Sylvester’s work engages with more than toil and trauma.

“The basis of my practice, I like to speak about spirituality, religion, the human race and our relationship to God, so even when I'm working on these military tent shell halves, this concept of spiritual warfare comes to mind,” Sylvester explains. “I started to home in on getting these certain tent shells from the late 1960s, early 70s, during war time, also listening to a lot of Hendrix in the studio, and I wanted to speak about the battles that we endure internally, spiritually, and how that can be reflected on these surfaces.”

As the exhibition’s title suggests, painting is both a way of life and a refuge for the artist.

“Painting for me is a therapeutic practice, the act of making, it does a lot for me and my life. I really don't know what else I would be doing if I wasn't making paintings,” he said. “I'm also thinking about the way in which I'm living my life where I'm trying to live my life as a man and do things that honor God and thinking about him as my as my refuge and believing in him, keeping his laws and his commandments, and through that I can get to this kingdom, I can get to this heaven. I'm always thinking about that relationship between what I'm doing in the studio and how I can speak about those things in the work. This is the way I chose to live my life, it's almost like that title for me is a mission statement, painting is my refuge, this is the way in which I will continue to live my life until my time is up.”

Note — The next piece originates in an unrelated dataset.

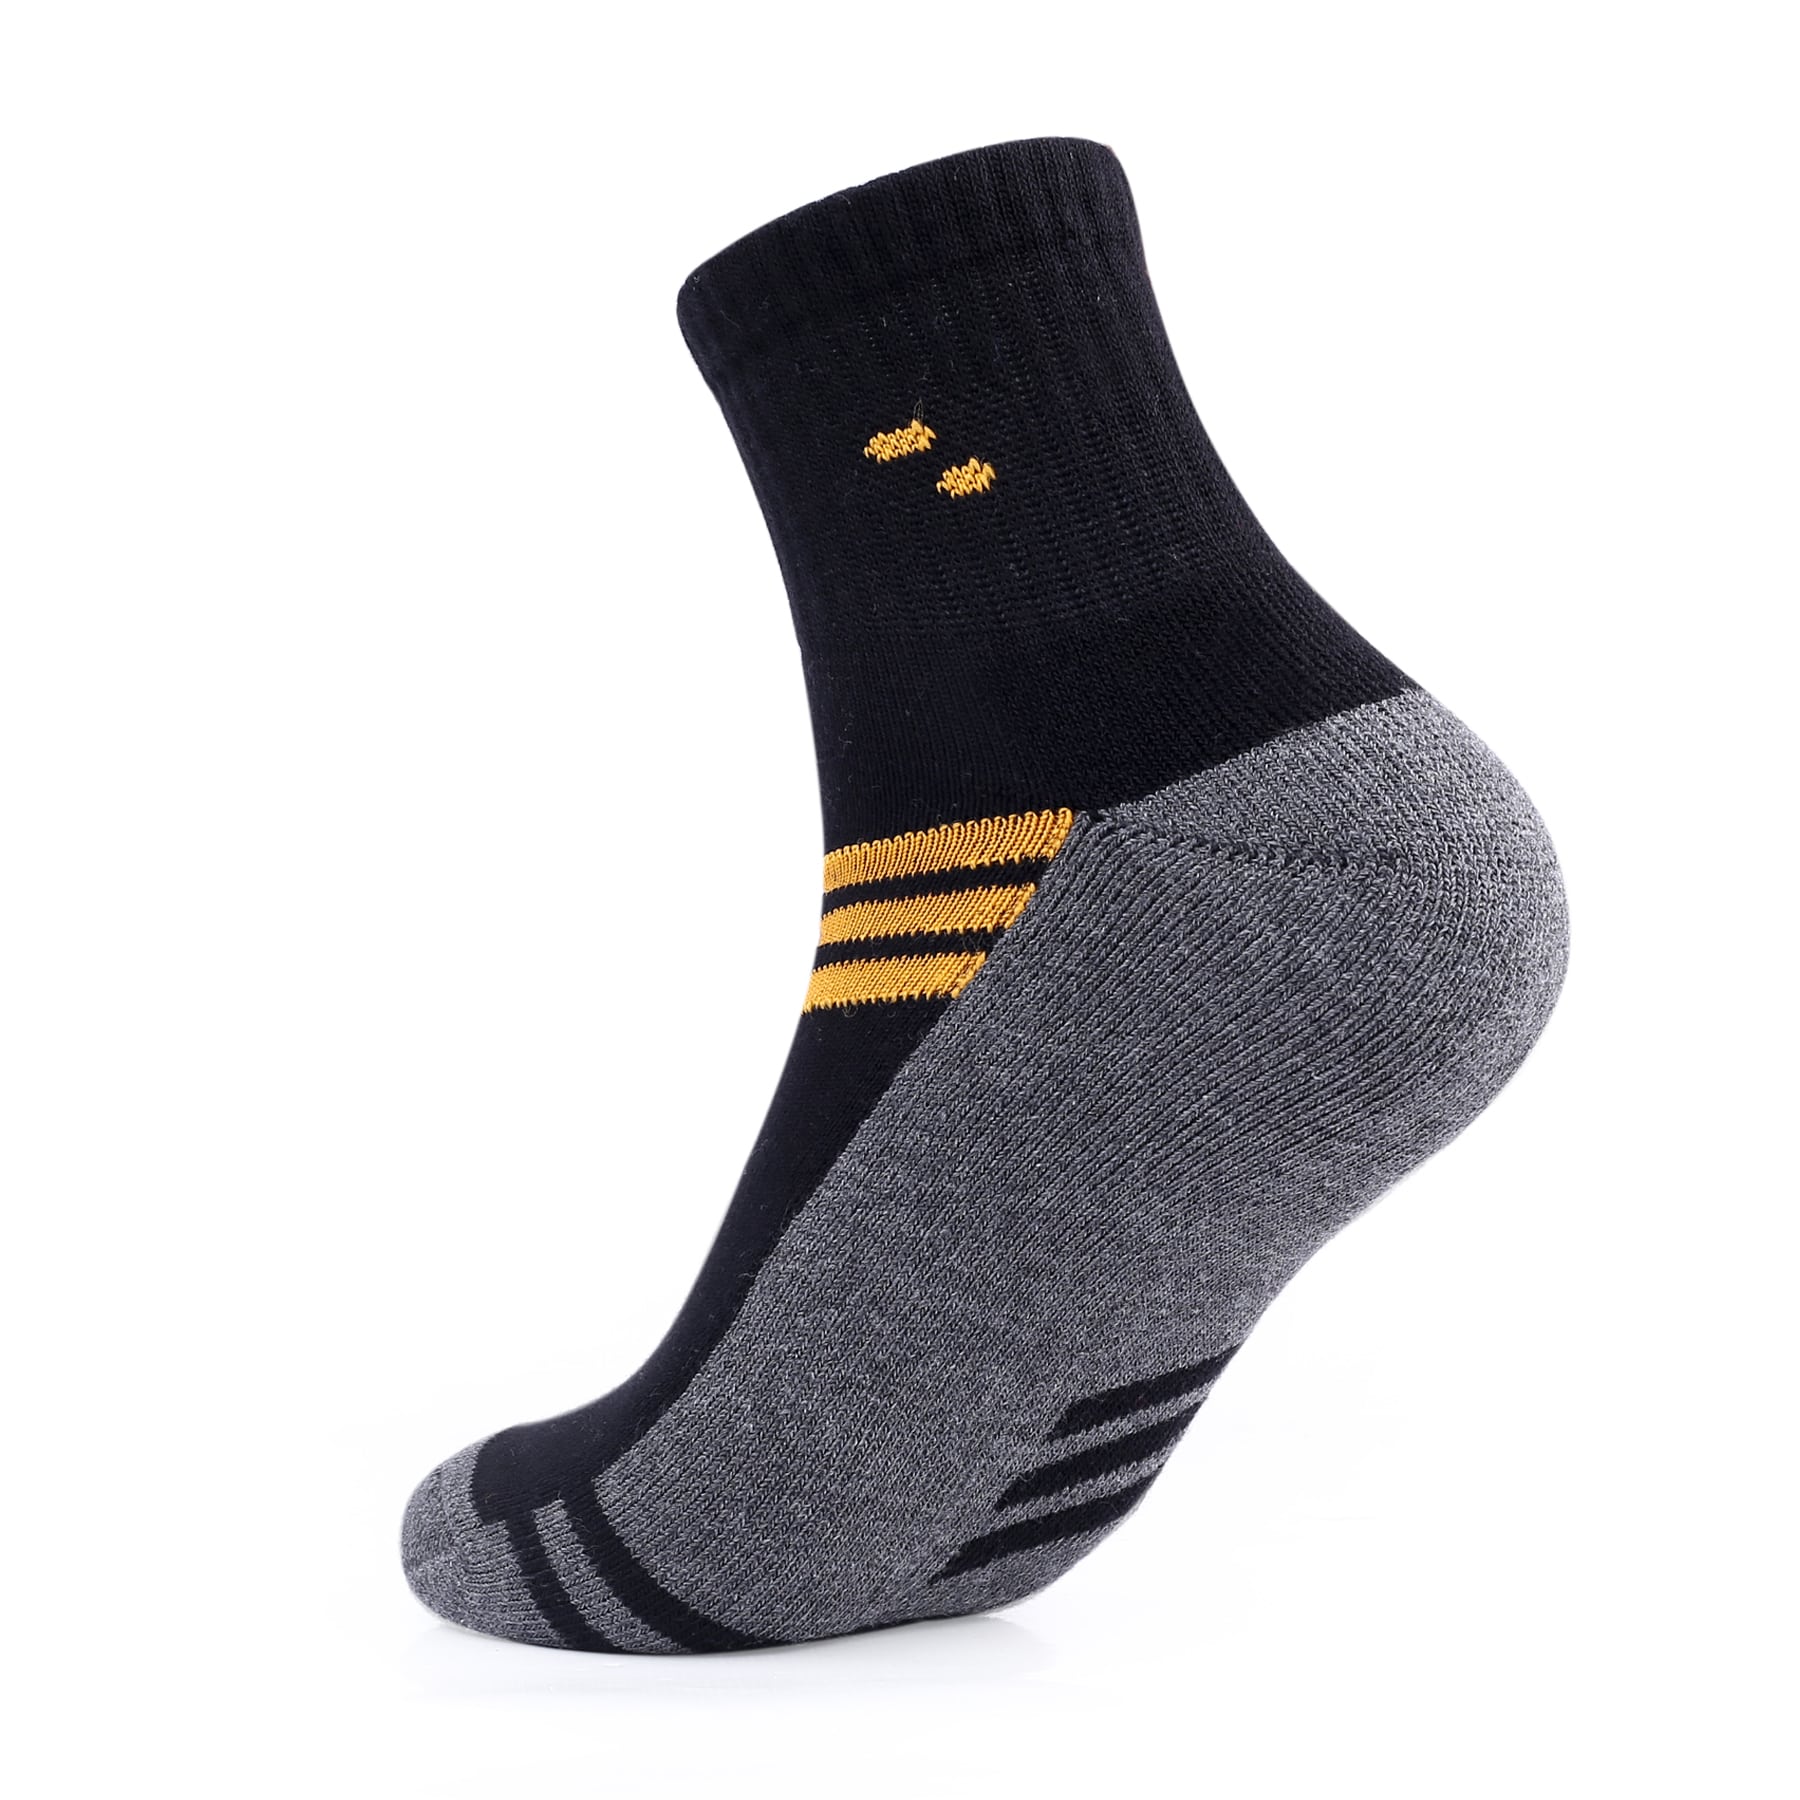 Bacca Bucci Combo of a 3 pair Sports Terry Socks

Scott Avett, "Peanut Butter Bread with Sprinkles", 2022.

Sylvester was born in Jacksonville, N.C. near Camp Lejeune where his father was stationed. The family moved to Oakland when he was a toddler. Another artist born in North Carolina–this one a lifelong resident best-known for his work in another genre–also has an exhibition of his paintings on view in Charlotte.

Scott Avett, one half of the Gammy nominated The Avett Brothers, has been working as a visual artist along with his music career since graduating with a BFA from East Carolina University in 2000. His latest paintings can be seen and purchased at SOCO Gallery during “Purpose at Random,” opening September 14 and running through November 2. The gallery will host a question-and-answer session with the artist open to the public on October 5.